In a number of cases since Regents of the Univ. of Cal. v. Bakke, the Supreme Court has upheld in a variety of contexts the use of some degree of race based preferences in the admissions process for colleges and universities. Although not its most recent decisions in this area, two of its most discussed decisions came out of Michigan. In one, Gratz v. Bollinger the Supreme Court in 2003 found that the undergraduate admissions process at the University of Michigan violated the Equal Protection Clause of the U.S. Constitution by its use of race based preferences. At the same time, it also held, in Grutter v. Bollinger, that the University of Michigan Law School’s use of race based preferences was permissible.
Following these decisions, Michigan voters adopted Proposal 2, which became Article I, Section 26 of the State Constitution. As relevant, it provides:
The University of Michigan, Michigan State University, Wayne State University, and any other public college or university, community college, or school district shall not discriminate against, or grant preferential treatment to, any individual or group on the basis of race, sex, color, ethnicity, or national origin in the operation of public employment, public education, or public contracting. (Emphasis added.)
This Proposal was challenged in two cases. The District Court initially found that it was permissible for the voters of Michigan to adopt this constitutional amendment. The Sixth Circuit Court of Appeals, in an original 2-1 decision and a subsequent 8-7 en banc decision, held that the Proposal was unconstitutional.
Today, in a 6-2 decision in Schuette v. Coalition to Defend Affirmative Action, the U. S. Supreme Court has upheld the State’s adoption of this amendment. The plurality opinion was written by Justice Kennedy, and joined in by Chief Justice Roberts (who also issued a concurrence) and Justice Alito. Justice Scalia issued a concurrence which was joined by Justice Thomas. Justice Sotomayor wrote a dissent, joined in by Justice Ginsburg. Justice Kagan did not participate in the Court’s decision.
As Justice Kennedy noted at the outset of the Court’s decision:
Before the Court addresses the question presented, it is important to note what this case is not about. It is not about the constitutionality, or the merits, of race-conscious admissions policies in higher education. … In Fisher [v. University of Texas at Austin], the Court did not disturb the principle that the consideration of race in admissions is permissible, provided that certain conditions are met. In this case, as in Fisher, that principle is not challenged. The question here concerns not the permissibility of race-conscious admissions policies under the Constitution but whether, and in what manner, voters in the States may choose to prohibit the consideration of racial preferences in governmental decision, in particular with respect to school admissions.
The plurality opinion essentially concludes that notwithstanding prior Court precedent (creating the “political-process” doctrine) which recognized that voter action which effectively “insinuate[d] the State into [a] decision to discriminate by encouraging that practice,” in a way that “was designed to be used, or was likely to be used, to encourage infliction of injury by reason of race,” could be unconstitutional, that was not the case here. Justice Kennedy closed his opinion by noting that “[t]his is not about how the debate about racial preferences should be resolved. It is about who may resolve it. There is no authority in the Constitution of the United States or in this court’s precedents for the Judiciary to set aside Michigan laws that commit this policy determination to the voters.”
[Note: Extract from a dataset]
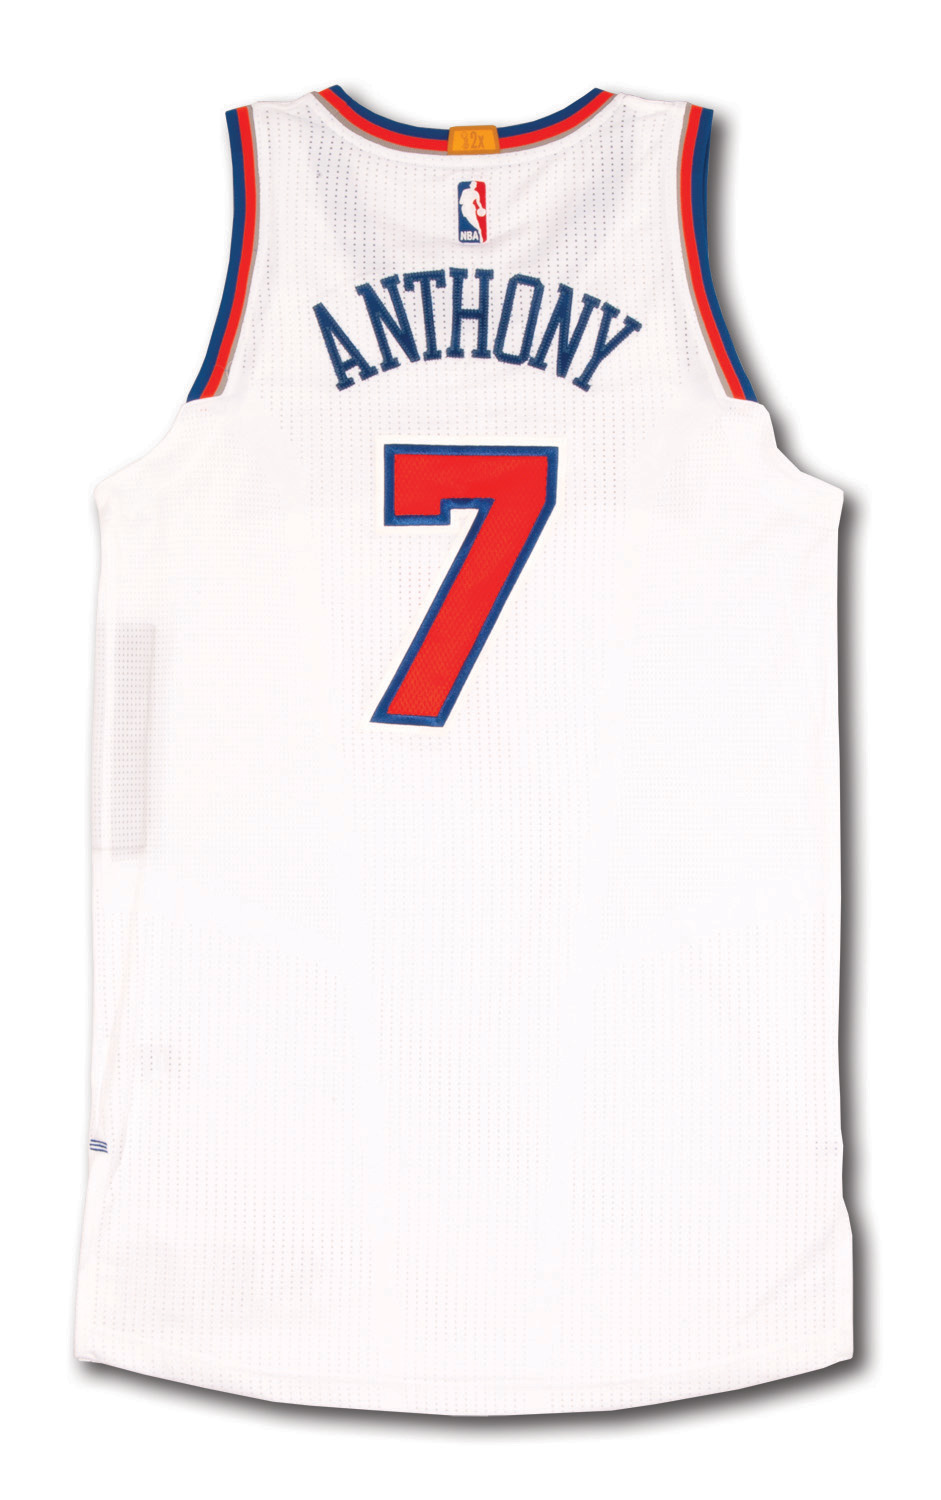 Carmelo Anthony - New York Knicks - Game-Worn Jersey - Kia NBA Tip-Off '15  - First Half Only

Justice Scalia, joined by Justice Thomas, would overrule the Court’s precedent establishing the political process doctrine, rather than distinguish it away as the plurality did. Justice Scalia also noted that he was parting company with the plurality because he found that their view at least left “ ajar an effects-test escape hatch” that might permit the finding of an Equal Protection Clause violation in the absence of discriminatory intent, based on disparate impact, which he argues has no place in the Court’s jurisprudence.
For Justice Sotomayor, Proposal 2 fell squarely within the political-process doctrine: “When the majority reconfigures the political process in a manner that burdens only a racial minority, that alteration triggers strict judicial scrutiny.” As she noted in closing:
The Constitution does not protect racial minorities from political defeat. But neither does it give the majority free rein to erect selective barriers against racial minorities. The political-process doctrine polices the channels of change to ensure that the majority, when it wins, does so without rigging the rules of the game to ensure its success. Today, the Court discards that doctrine without good reason.
As noted at the outset, this decision does not change the legal landscape with regard to the permissibility, as a matter of federal constitutional law, of race conscious admissions policies in higher education. And in fact it has little bearing on what may or can happen in the world of private higher education. It does, however, reaffirm the ability of the electorate to enforce its views at the ballot box on this highly important and charged issue in the realm of public education.